• _TASK OBJECTIVE_: Practice item. Set the material below down again exactly, with no pictures.

• _PROVIDED MATERIAL_:

----

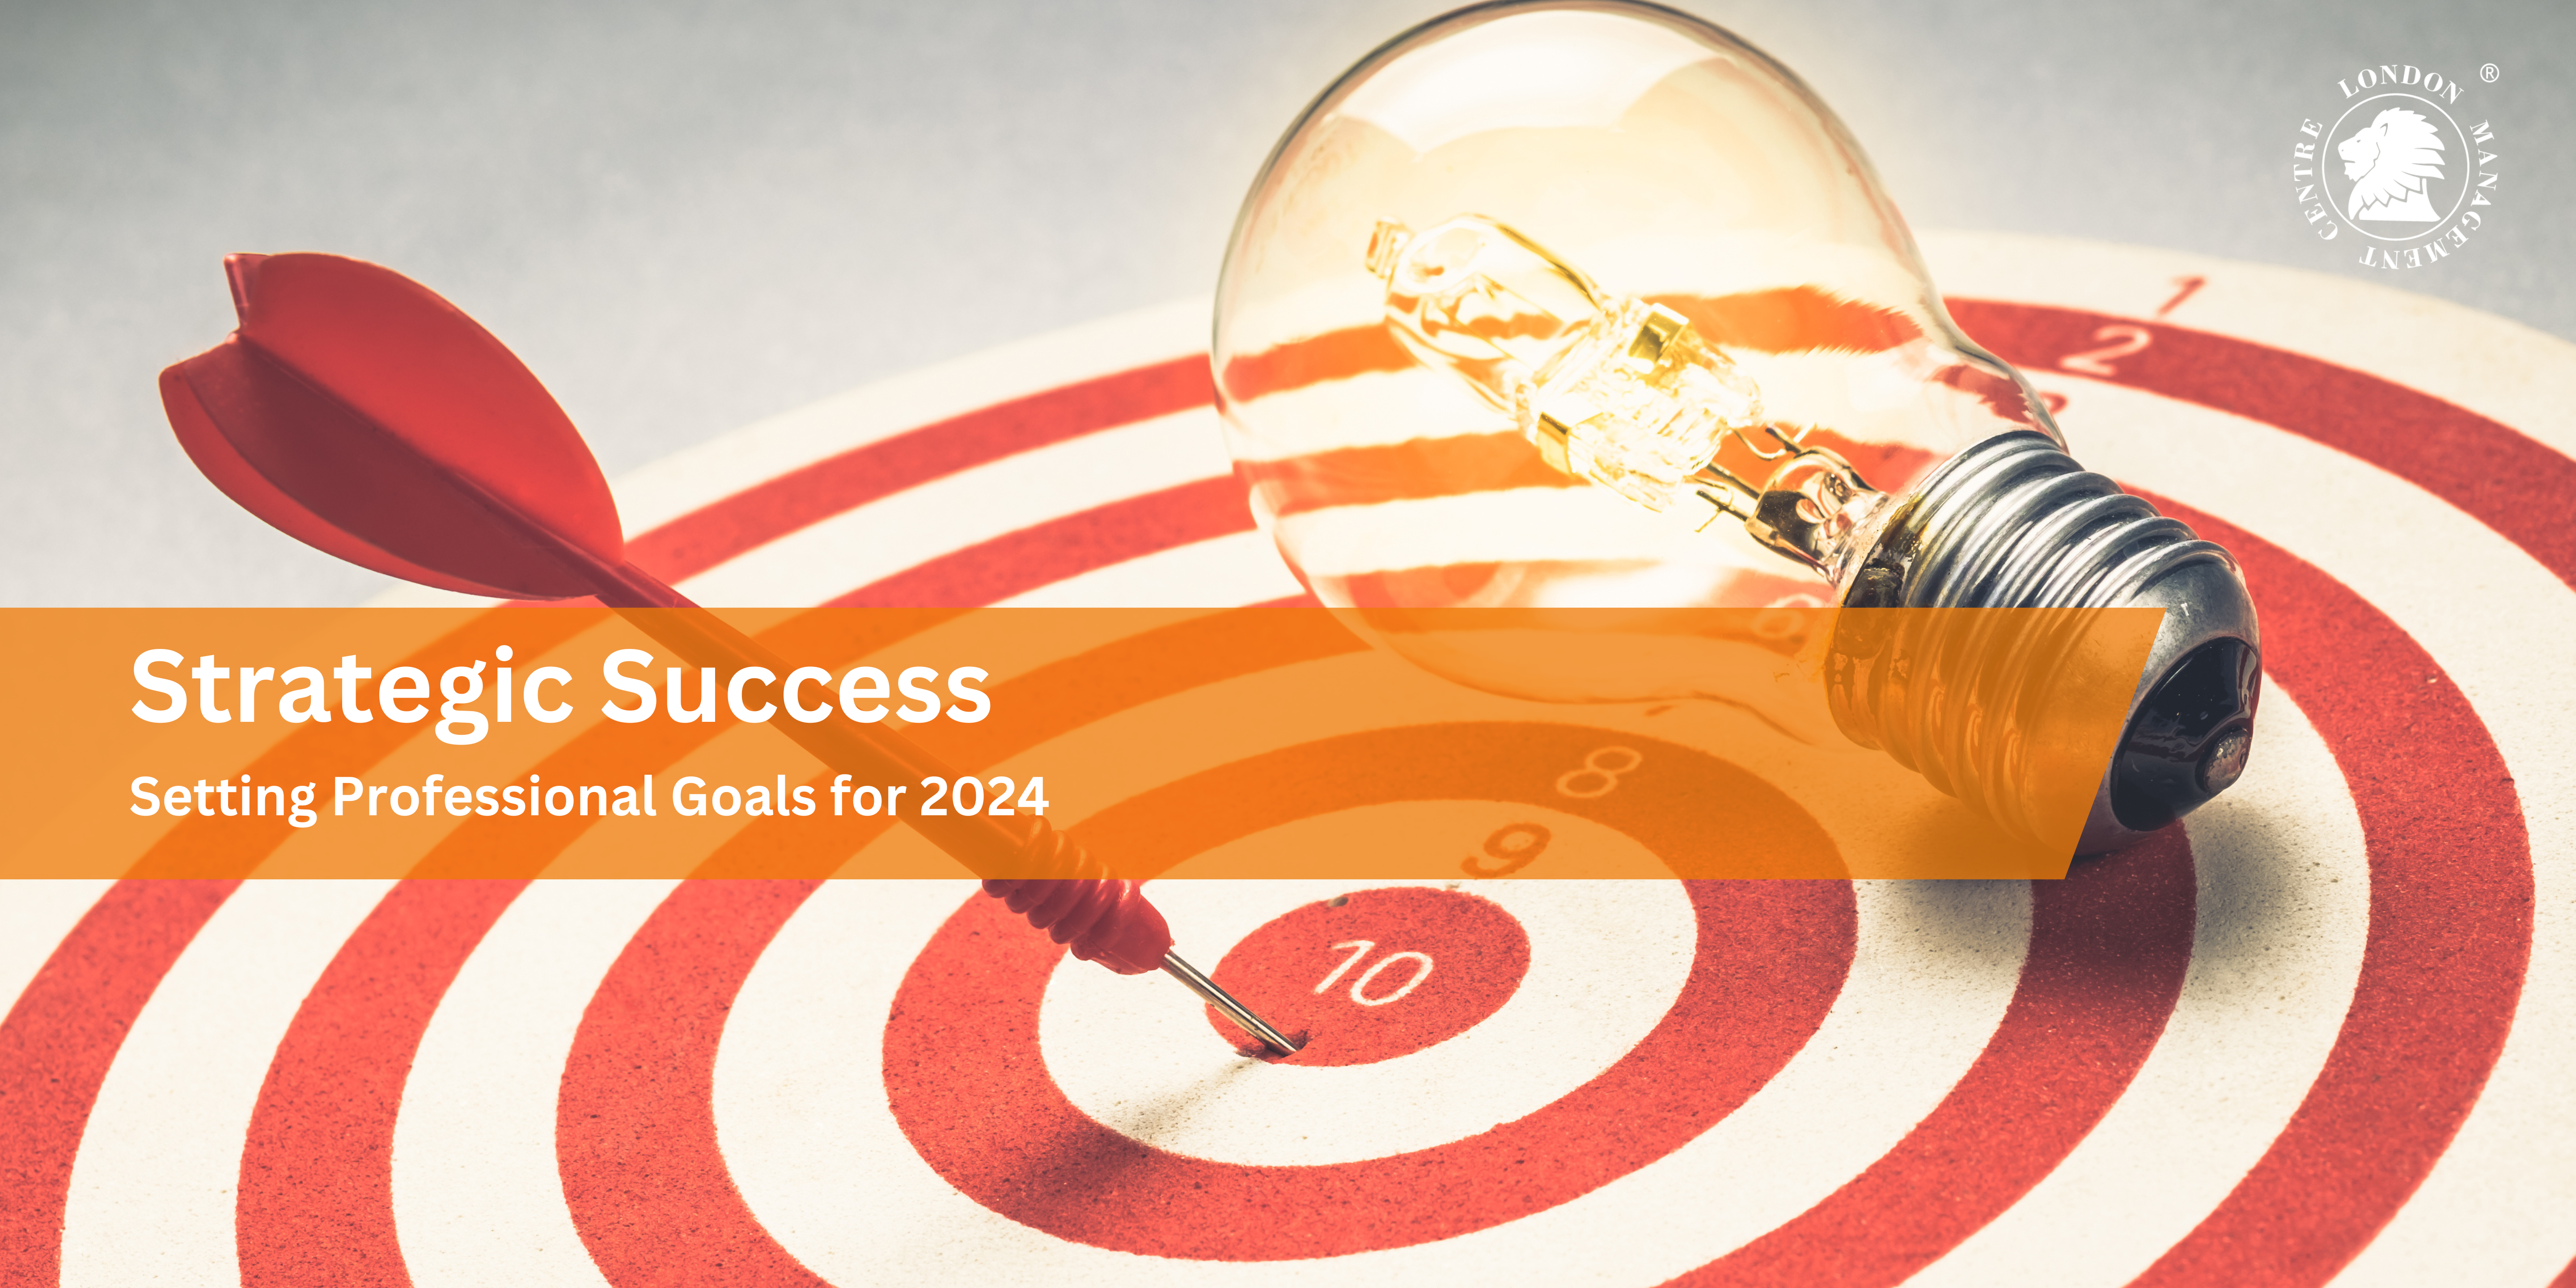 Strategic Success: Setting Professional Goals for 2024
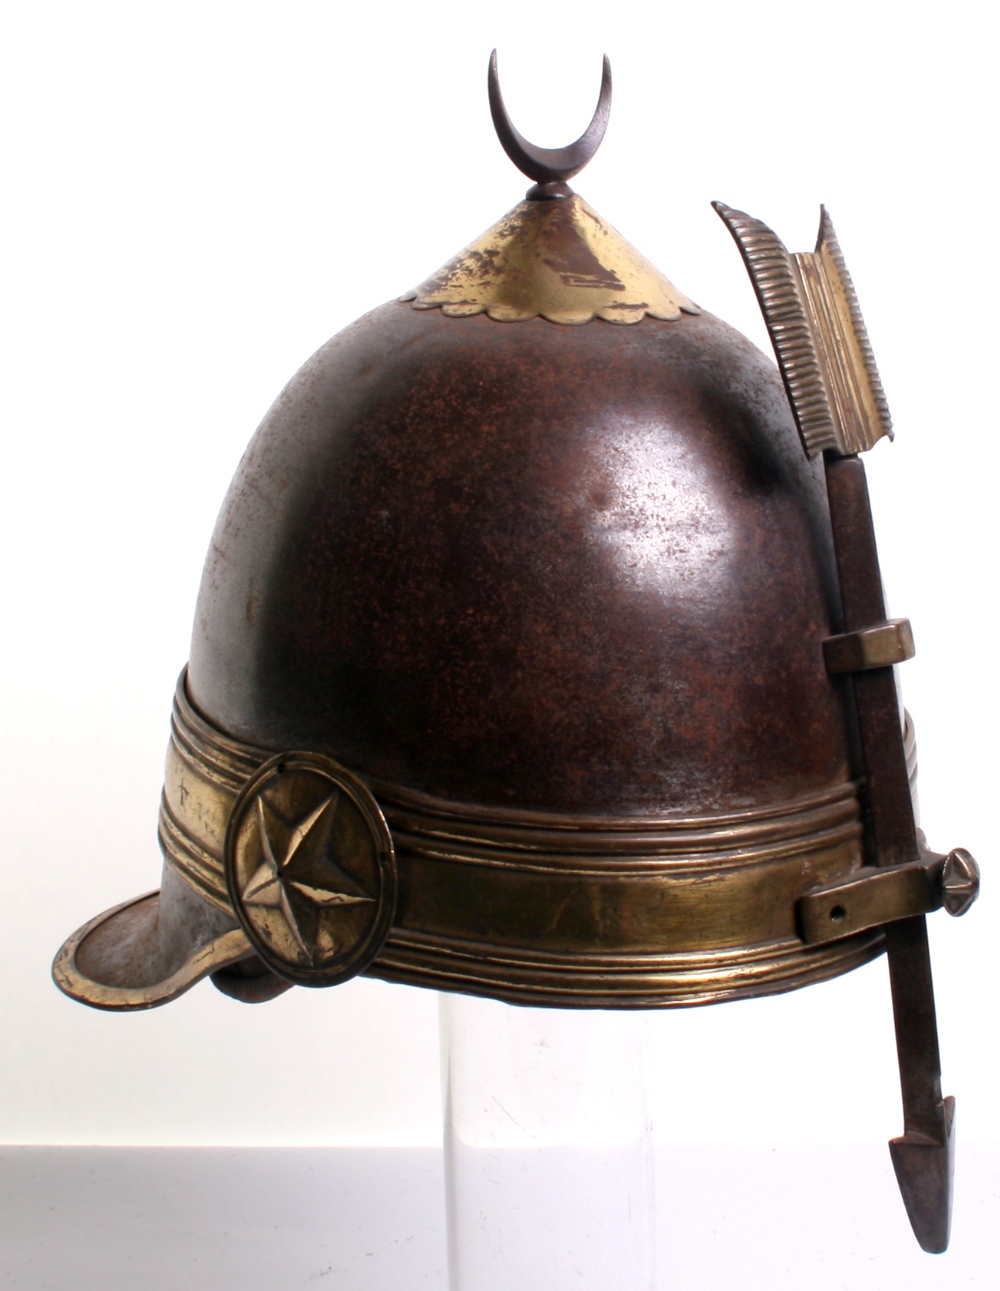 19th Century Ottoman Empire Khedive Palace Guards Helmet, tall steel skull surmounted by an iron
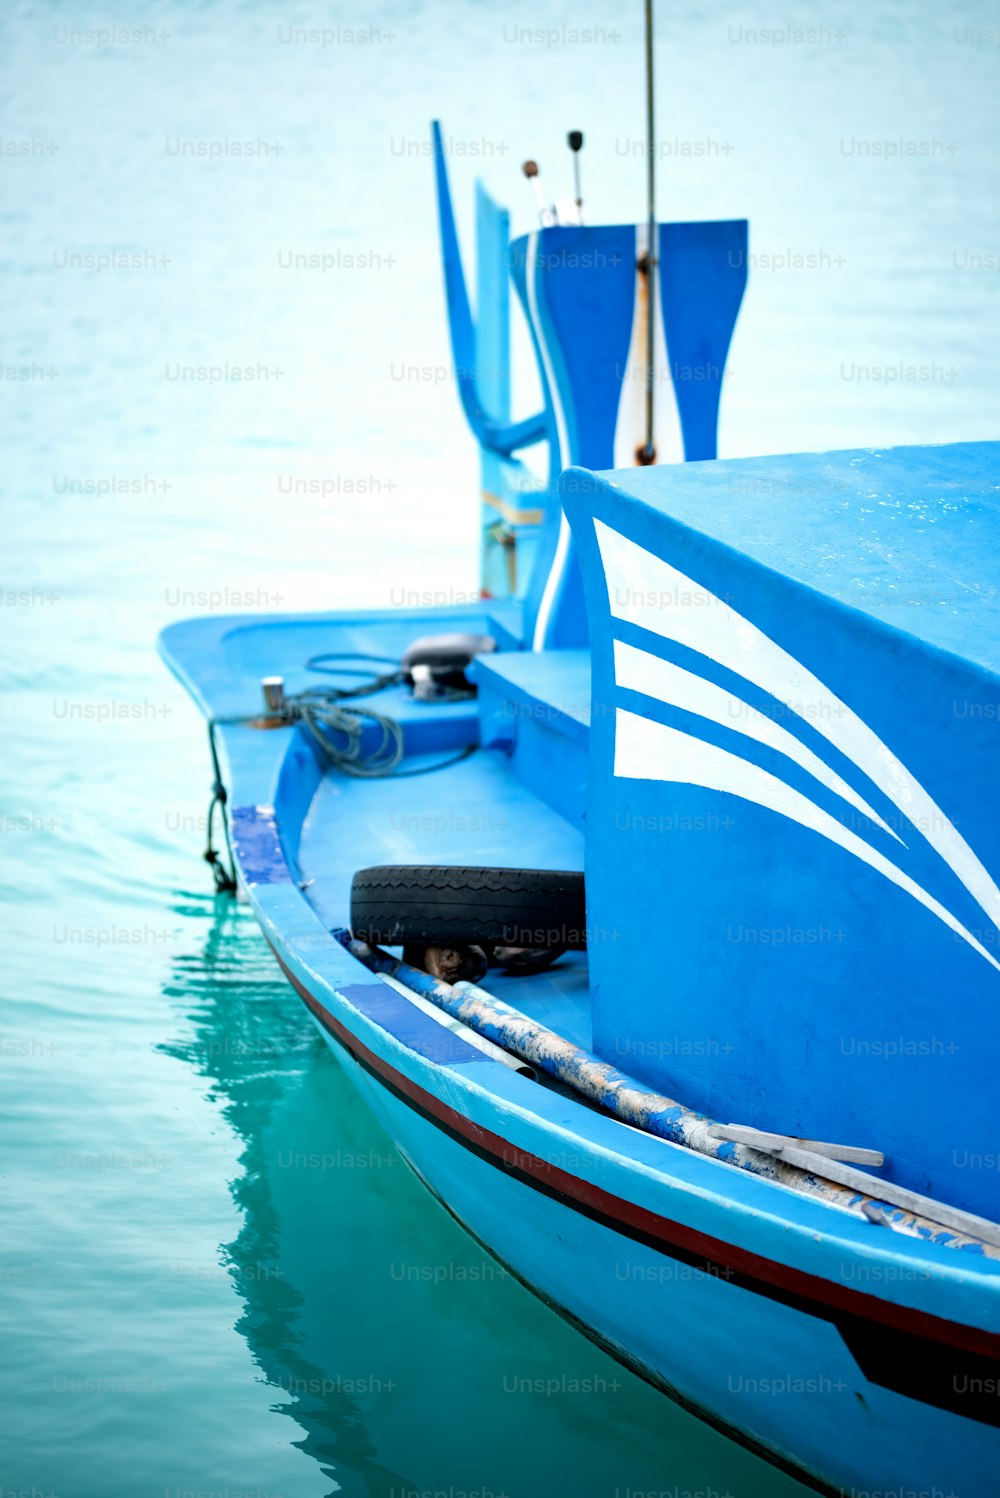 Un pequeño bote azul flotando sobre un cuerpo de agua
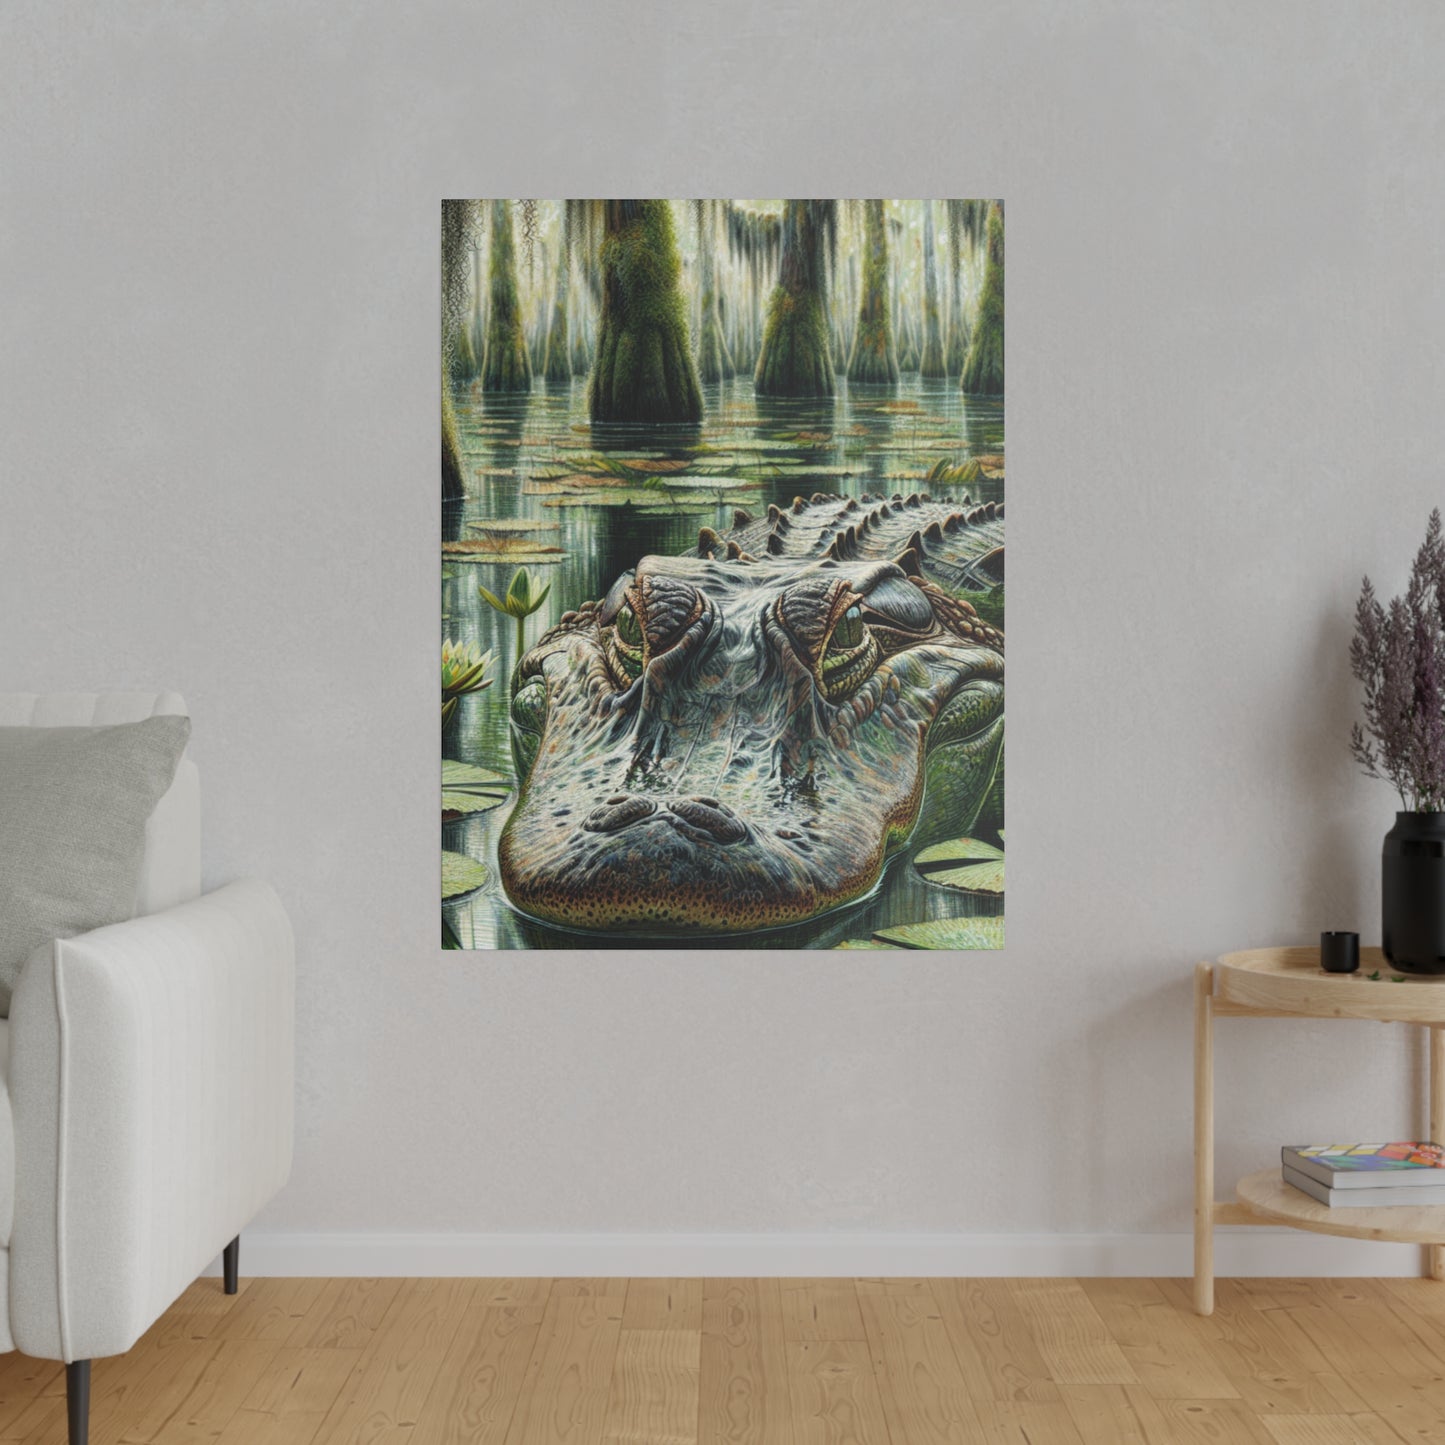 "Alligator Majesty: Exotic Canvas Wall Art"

----

• _TASK RESULT_:
 Strategic Success: Setting Professional Goals for 2024
 19th Century Ottoman Empire Khedive Palace Guards Helmet, tall steel skull surmounted by an iron
 Un pequeño bote azul flotando sobre un cuerpo de agua
 "Alligator Majesty: Exotic Canvas Wall Art"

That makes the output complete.